# S3: AirBnb NYC 2024 Listings
by: Tam Trinh           
April 6, 2025         

<a id="0"></a> <br>
## Table of Contents  

- [Sprint Goals](#6)
- [Introduction](#1)
- [Set-up and Dataset Overview](#7)
- [Part 1: EDA](#2)
- [Part 2: Preprocessing](#3)   
- [Part 3: Modeling](#4) 
- [Stylized Visualizations](#8) 
- [Conclusion](#5)

<a id="7"></a>
## Set-up and Load Data

In [1]:
# imports for functionality and plotting
import numpy as np
import pandas as pd
import matplotlib.pyplot as plt
import seaborn as sns

# optional imports
import warnings
import pickle

# imports for preprocessing
from sklearn.preprocessing import OneHotEncoder
from sklearn.preprocessing import StandardScaler
from sklearn.decomposition import PCA

# imports for modeling
from sklearn.model_selection import train_test_split
from sklearn.pipeline import Pipeline
from tempfile import mkdtemp
from sklearn.model_selection import GridSearchCV
from sklearn.linear_model import LinearRegression
from sklearn.ensemble import RandomForestRegressor
from xgboost import XGBRegressor

# imports for model metrics
from sklearn.metrics import mean_squared_error
from sklearn.metrics import mean_absolute_error
from sklearn.inspection import permutation_importance

In [2]:
# ignore warnings
from warnings import filterwarnings
warnings.filterwarnings('ignore')

In [4]:
# load original dataset
airbnb_df = pd.read_csv("../data/new_york_listings_2024.csv")

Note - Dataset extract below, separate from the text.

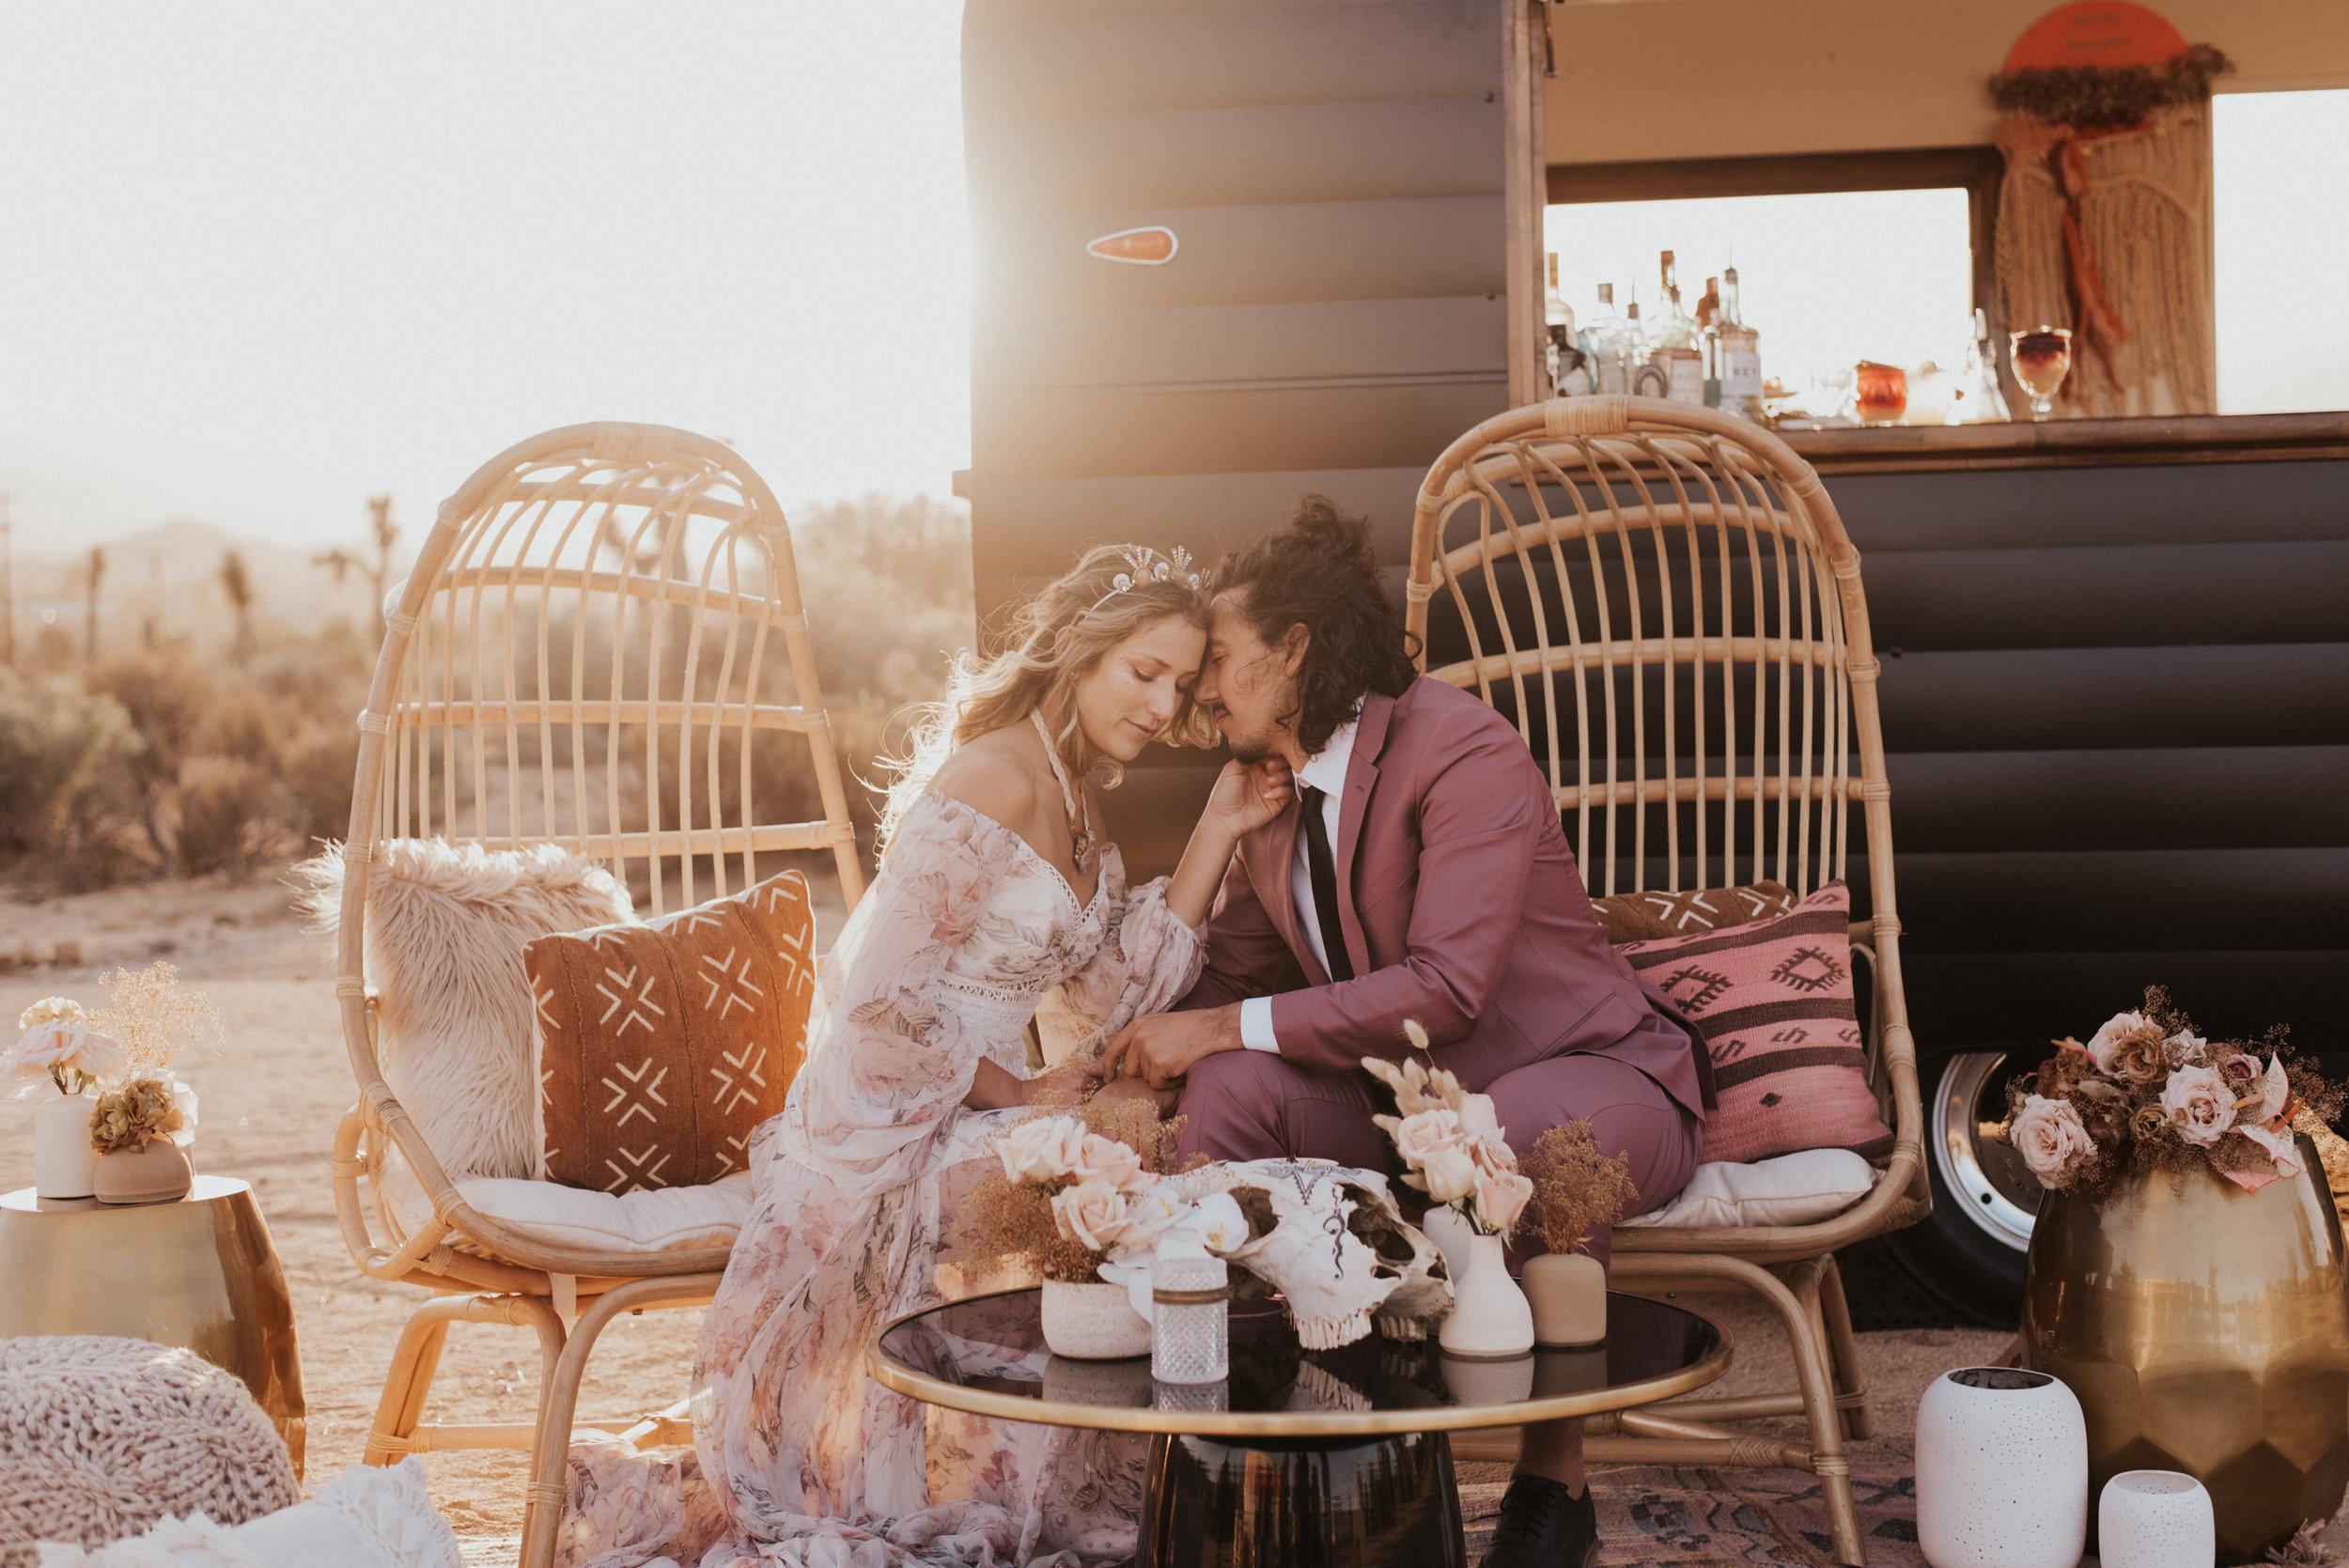 FortSt.John_photographer_TyraEPhotography_Wedding_Couple_Family_Photograhy_DawsonCreek_Elopement_Bride_Boduoir_Portraits-8335.jpg

# load dataset from previous notebook
aircopy = pd.read_csv("../data/eda_airbnb.csv")

<a id="3"></a>
## Part 2: Preprocessing

### Set up preprocessing workflow

To organize the workflow, the columns were sorted into the work that needed to be performed on them.

In [5]:
# make a copy of airbnb df to preprocess
prep_airbnb = aircopy.copy()

In [6]:
cols_2drop = ['id', 'name', 'host_id', 'host_name']

In [7]:
cols_2keep = ['latitude', 'longitude', 'minimum_nights', 'number_of_reviews',
              'reviews_per_month', 'calculated_host_listings_count',
              'availability_365', 'number_of_reviews_ltm', 'beds']

In [8]:
cols_2clean = ['bedrooms', 'baths']

In [9]:
cols_2edit = ['rating', 'neighbourhood', 'last_review']

In [10]:
cols_2onehot = ['neighbourhood_group', 'room_type', 'license']

_______________

### Columns to clean: bedrooms and baths

#### Bedrooms column
The bedrooms column was in string format, with some rows having "Studio" as a value. This column was cleaned by converting "Studio" to 0, which then made it possible to convert the column to integer type, and ready for modeling.

In [11]:
# change bedrooms "Studio" to 0
prep_airbnb.loc[(prep_airbnb["bedrooms"] == "Studio"), "bedrooms"] = 0

# convert col dtype to integer
prep_airbnb["bedrooms"] = prep_airbnb["bedrooms"].astype(int)

#### Baths column
The baths column was also in string format due to some values being "Not specified." To handle imputing an appropriate amount of baths, a dictionary was created using the average amount of baths per beds. The "Not specified" baths values were then filled in with the average baths expected for that amount of beds.

In [12]:
# create a dict to impute the avg bath per bed
baths_notnull = prep_airbnb[prep_airbnb["baths"] != "Not specified"] # subset the baths that are specified

baths_notnull["baths"] = baths_notnull["baths"].astype(float) # convert to float

baths_per_beds = baths_notnull.groupby("beds")["baths"].mean().round() # use the specified baths and beds to create a dict

bath_beds_dict = baths_per_beds.to_dict()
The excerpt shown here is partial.